Functions and procedures in VHDL, which are collectively known as subprograms, are directly analogous to functions and procedures in a high-level software programming language such as C or Pascal. A procedure is a subprogram that has an argument list consisting of inputs and outputs, and no return value. A function is a subprogram that has only inputs in its argument list, and has a return value.
Subprograms are useful for isolating commonly-used segments of VHDL source code. They can either be defined locally (within an architecture, for example), or they can be placed in a package and used globally throughout the design description or project.
Statements within a subprogram are sequential (like a process), regardless of where the subprogram is invoked.
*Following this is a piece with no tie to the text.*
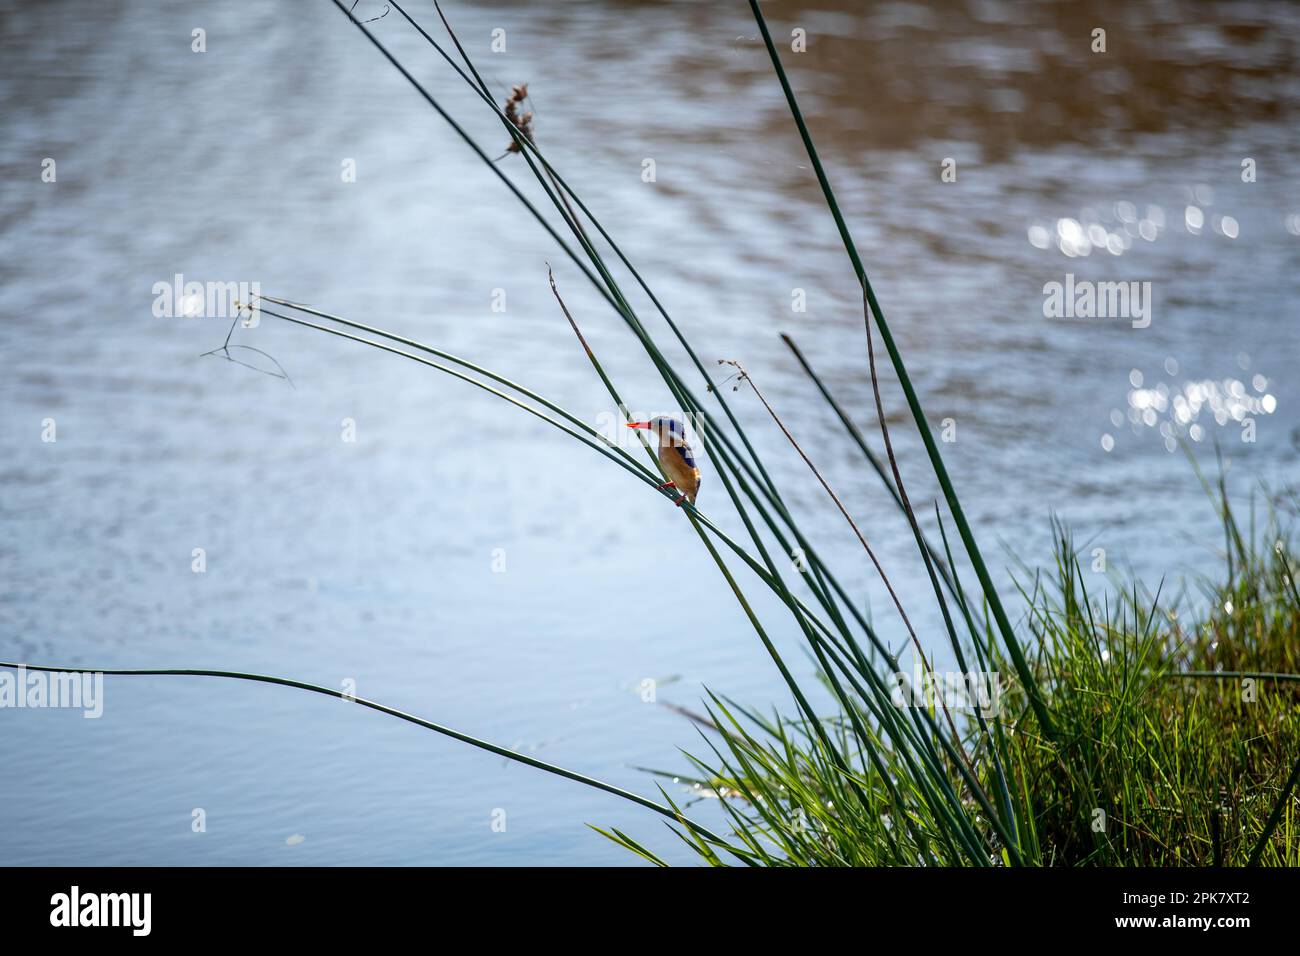 Un Kingfisher malachite, Corythornis cristatus, perché sur un roseau, à côté d'une rivière. Banque D'Images

Subprograms can be invoked from within the concurrent area of an architecture or from within a sequential process or higher-level subprogram. They can also be invoked from within other subprograms.
Subprograms are very much like processes in VHDL. In fact, any statement that you can enter in a VHDL process can also be entered in a function or procedure, with the exception of a wait statement (since a subprogram executes once each time it is invoked and cannot be suspended while it is executing). It is therefore useful to think of subprograms as processes that (1) have been located outside the body of an architecture, and (2) operate only on their input and (in the case of procedures) their output parameters.
Nesting of functions and procedures is allowed to any level of complexity, and recursion is also supported in the language. (Of course, if you expect to generate actual hardware from your VHDL descriptions using synthesis tools, then you will need to avoid writing recursive functions and procedures, as such descriptions are not synthesizable).